4
votes

In order to understand the memory consumption of std::vector<int> I wrote:

std::cout << sizeof(std::vector<int>) << std::endl;

This yields 32. I tried to understand where this value comes from. Some look in the source code revieled that std::vector stores pointers _MyFirst, _MyLastand _MyEnd which explaines 24 bytes of memory consumption (on my 64 bit system).

What about the last 8 byte? As I understand, the stored allocator does not use any memory. Also this might be implementation defined (is it?), so maybe this helps: I am working with MSVC 2017.5. I do not guarantee to have found all the members by looking into the code; the code looks very obfuscated to me.

Everything seems to be nicely aligned, but may the answer be the following?: Why isn't sizeof for a struct equal to the sum of sizeof of each member?. But I tested it with a simple struct Test { int *a, *b, *c; }; which satisfiessizeof(Test) == 24.


Some background

In my program, I will have a lot of vectors and it seems that most of them will be empty. This means that the ciritical memory consumption comes from there empty-state, i.e. the heap allocated memory is not so very important.

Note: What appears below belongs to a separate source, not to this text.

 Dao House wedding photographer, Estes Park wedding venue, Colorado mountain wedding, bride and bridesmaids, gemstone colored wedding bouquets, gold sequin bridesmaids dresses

A simple "just for this usecase"-vector is implemented pretty quickly, so I wondered if I am missing anything and I will need 32 bytes of memory anyway, even with my own implementation (note: I will most probably not implement my own, this is just curiosity).


Update

I tested it again with the following struct:

struct Test
{
    int *a, *b, *c;
    std::allocator<int> alloc;
};

which now gave sizeof(Test) == 32. It seems that even though std::allocator has no memory consuming members (I think), its presence raises Test's size to 32 byte.

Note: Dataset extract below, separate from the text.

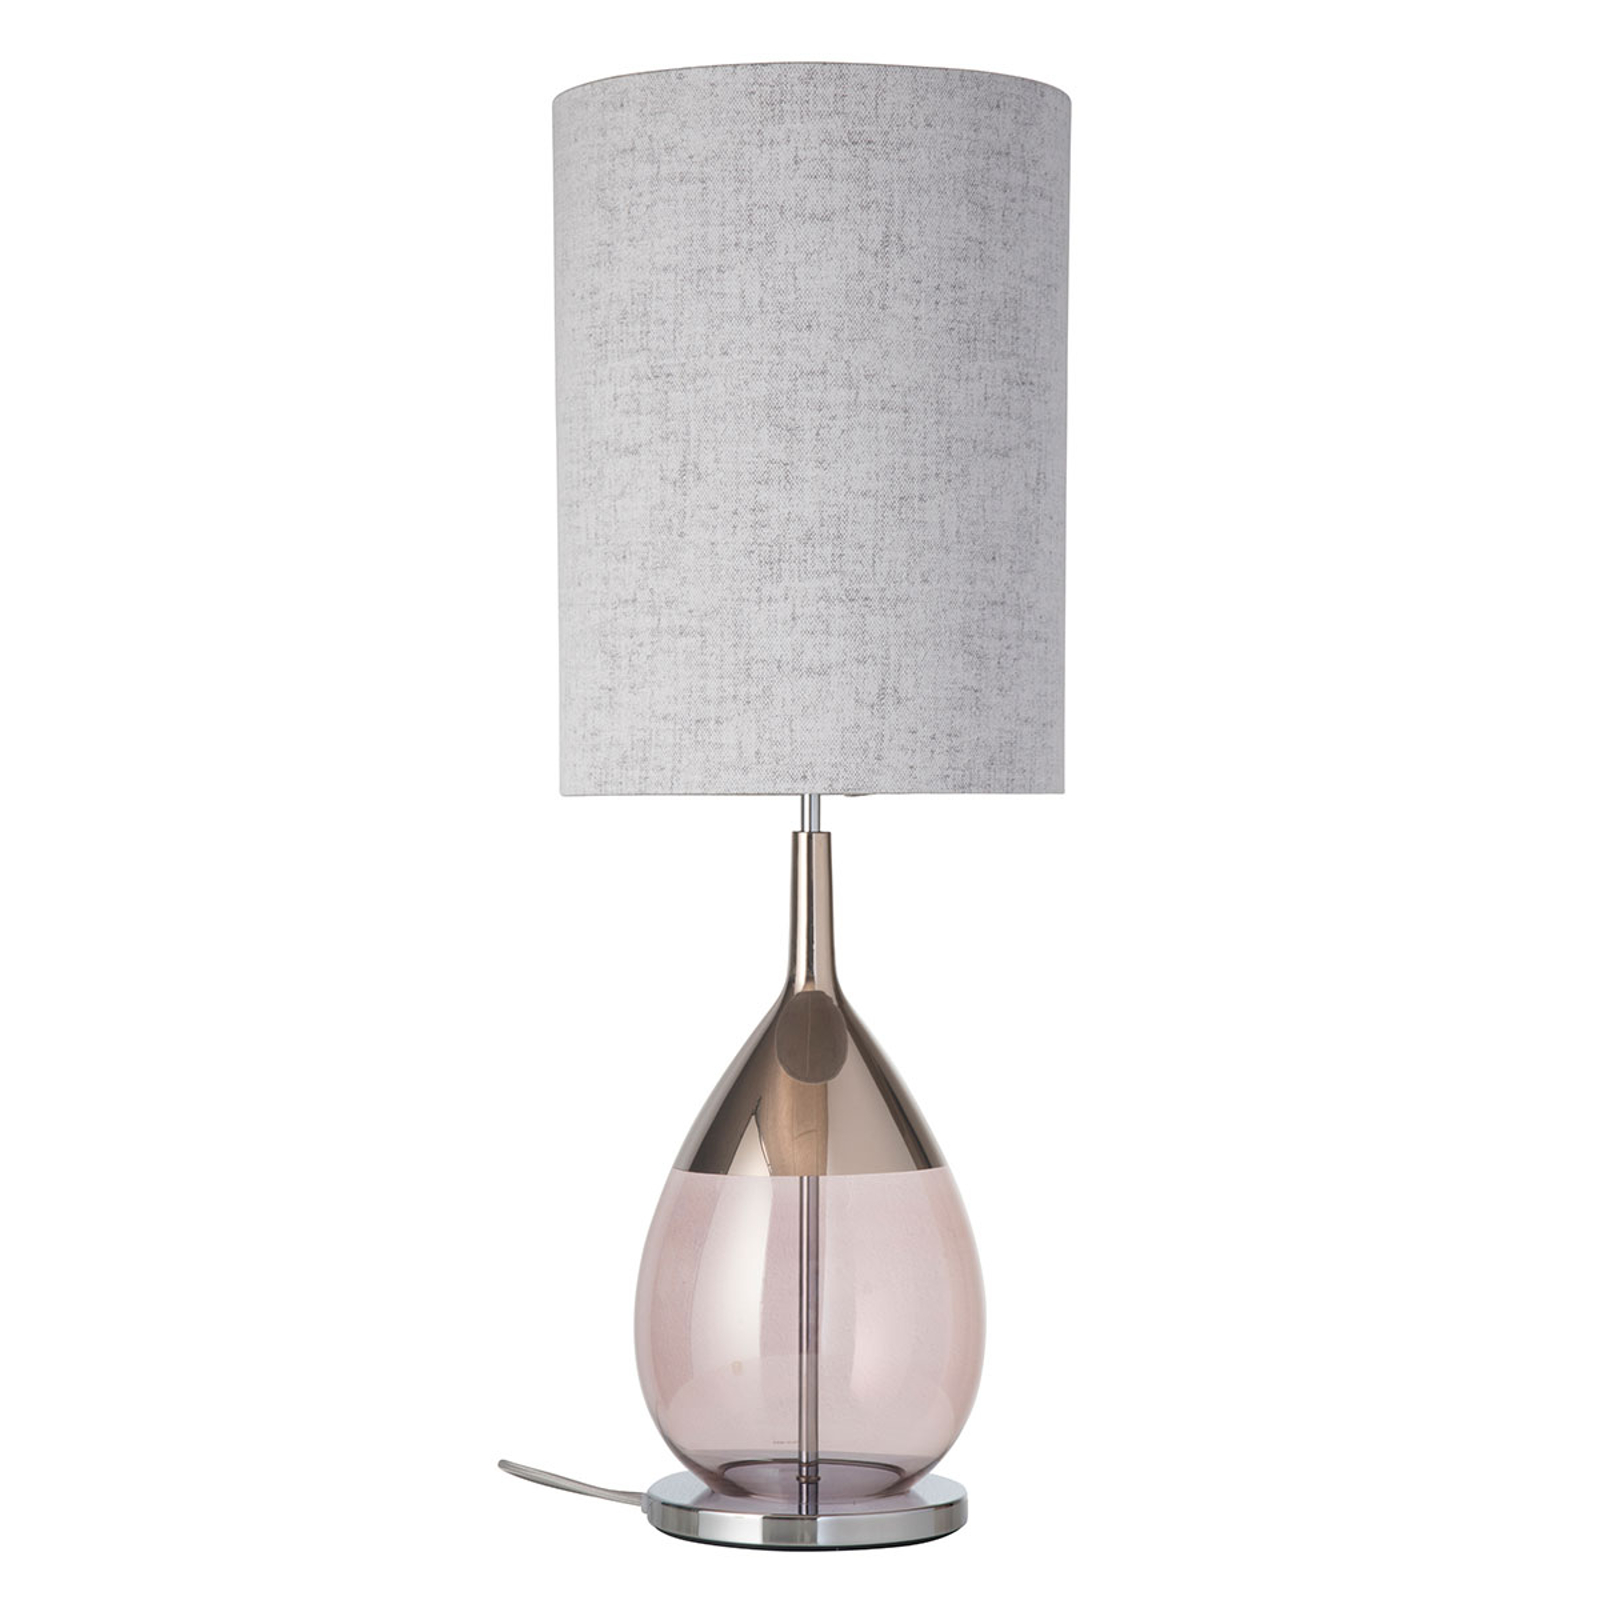 EBB & FLOW Lute tafellamp met kap Marl

I recognized that sizeof(std::allocator<int>) yields 1, but I thought this is how a compiler deals with empty structs and that this is optimized away when it is used as a member. But this seems to be a problem with my compiler.

3
Why do you want an explanation? Did you dive into the source code of your <vector> headers (and the internal headers included from it)? Do you really care? Are you willing to spend weeks of work to understand all the gory details? On my Linux/GCC system, #include <vector> expands to more than ten thousand lines of C++, and I did not took time to read all of them. BTW, most of the memory used by your vector is some data in the heap...Basile Starynkevitch
@BasileStarynkevitch Partly curiosity. Party because I have to use std::vector in a memory critical environment and I wondered "if I would implement it myself, would I be able to do any better?". I will most probably not implement anything myself, so mostly curiosity. I know about that most memory is on the heap. The problem is that it seems that I have a lot vectors, and most of them will be empty. So the empty-memory consumption is the important number here.M. Winter
Your question doesn't seem to be about vector at all. It can pretty much be summed in, "on a 64 bit system, why does struct {void *_1; void *_2; void *_3; }; take up 32 bytes instead of 24?". If these are indeed the only member in the structure as you say.StoryTeller - Unslander Monica
BTW, on my Linux/GCC/x86-64/Debian/Sid sizeof(std::vector<int>) is 24. So you might consider changing your compiler!Basile Starynkevitch
@BasileStarynkevitch: as I said, I didn't mean implementation of all the vector functionality that exists in STL. But specific subset of it can be implemented easily, and it will be suited for the needs. In particular in a described situation, where memory size of an empty vector is important - this is the way to go.valdo

3 Answers

2
votes

The compiler cannot optimise away an empty member. It is explicitly forbidden by the standard.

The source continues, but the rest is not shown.